When your body fights an infection, your metabolic rate rises. For every degree Fahrenheit your temperature climbs above normal, your heart rate increases by roughly 10 bpm. This is a normal physiological response: your immune system needs more oxygen and nutrients delivered to tissues, and your heart speeds up to meet that demand. A pulse that normalizes as your fever breaks is generally not a concern on its own.
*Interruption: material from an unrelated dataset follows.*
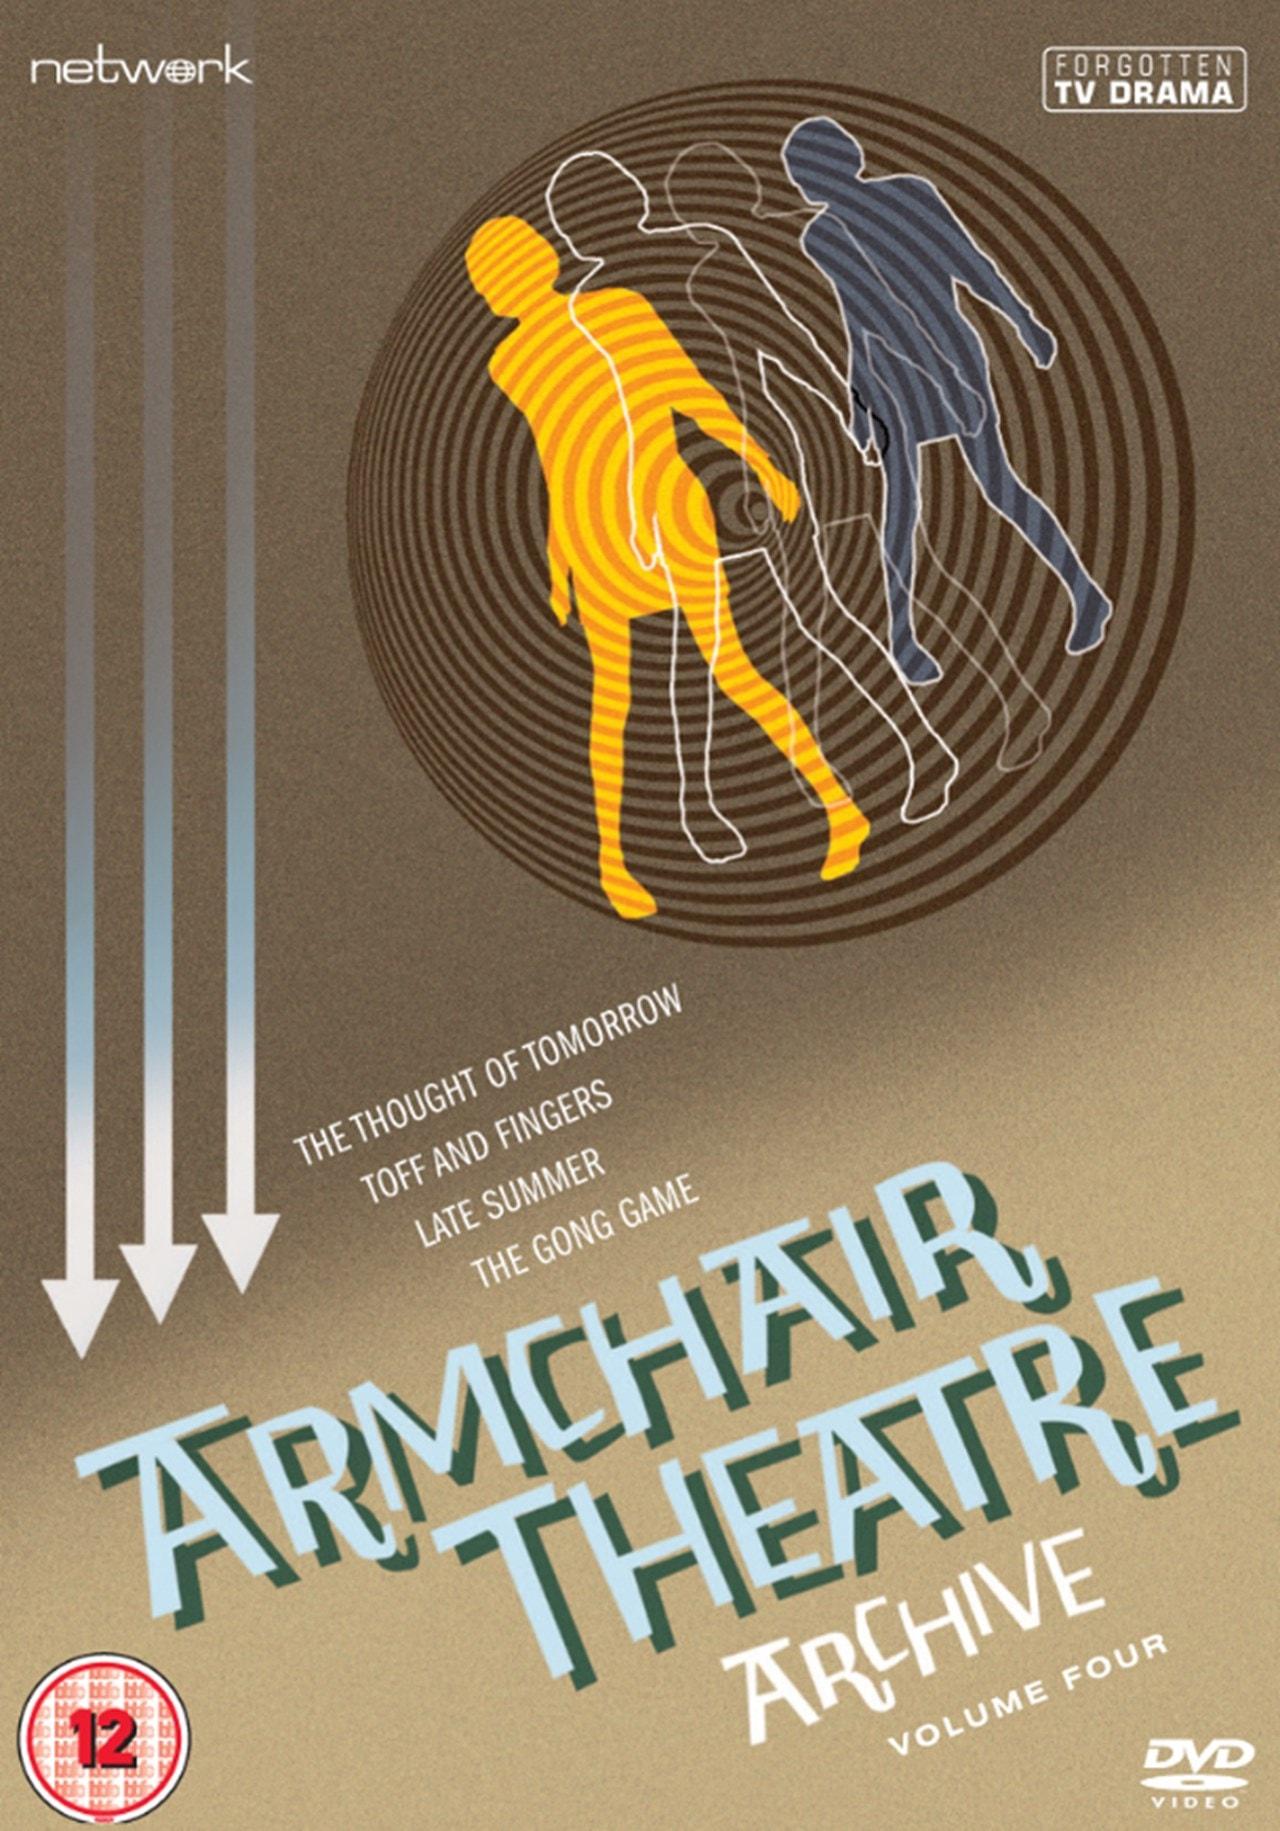 Armchair Theatre Archive: Volume 4 - 1
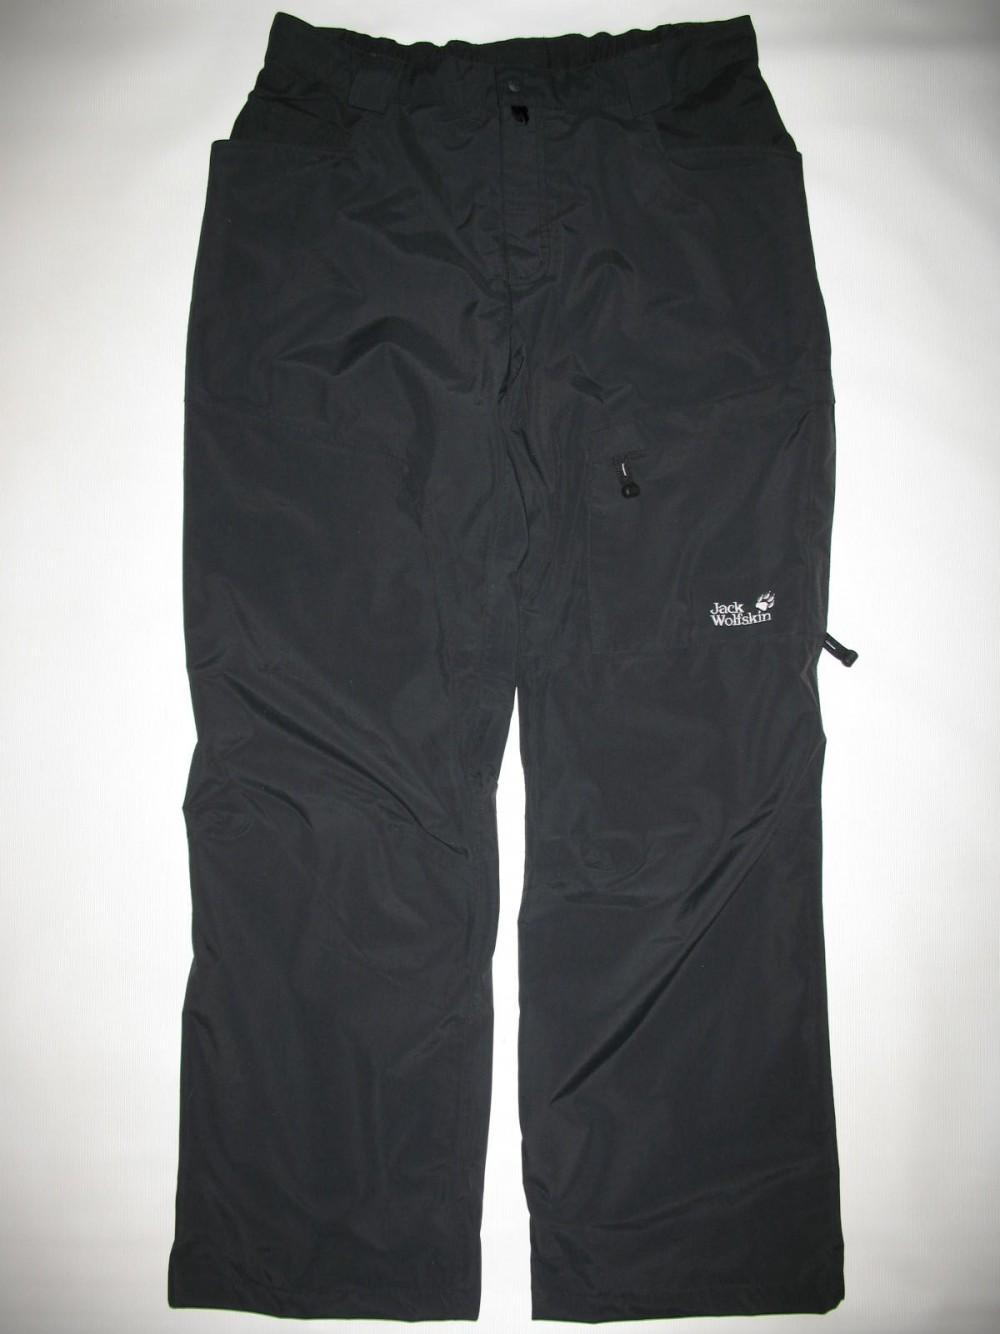 Штаны JACK WOLFSKIN texapore pants (размер M) - 1

Lack of Sleep and Physical Deconditioning

Chronic sleep deprivation keeps your stress hormones elevated, which in turn keeps your heart rate higher than it should be. Even one night of poor sleep can raise your resting pulse the next day. Physical fitness also plays a direct role. People who are sedentary tend to have higher resting heart rates because their hearts pump less blood per beat, requiring more beats to circulate the same volume. Regular aerobic exercise gradually lowers your resting pulse by making each heartbeat more efficient. Well-trained endurance athletes often have resting rates in the 40s or 50s.

Heart Rate by Age

What counts as “high” depends on your age. Newborns normally have heart rates between 100 and 205 bpm, which would be alarming in an adult but is perfectly healthy for an infant. The range gradually narrows as children grow: toddlers typically fall between 98 and 140, school-age children between 75 and 118, and by adolescence the adult range of 60 to 100 bpm applies. If you’re evaluating a child’s pulse, use age-appropriate ranges rather than the adult threshold of 100 bpm.

When a High Pulse Rate Is Dangerous

A temporarily elevated heart rate from exercise, caffeine, or a stressful moment is almost always harmless. The situations that warrant urgent attention are different: a resting pulse above 100 that persists without an obvious cause, a heart rate accompanied by chest pain or pressure, fainting or near-fainting, severe shortness of breath, or a pulse that feels chaotic and irregular rather than just fast. These combinations can signal a heart rhythm disorder, a blood clot, or another condition where the fast rate itself starts to damage the heart if it continues unchecked.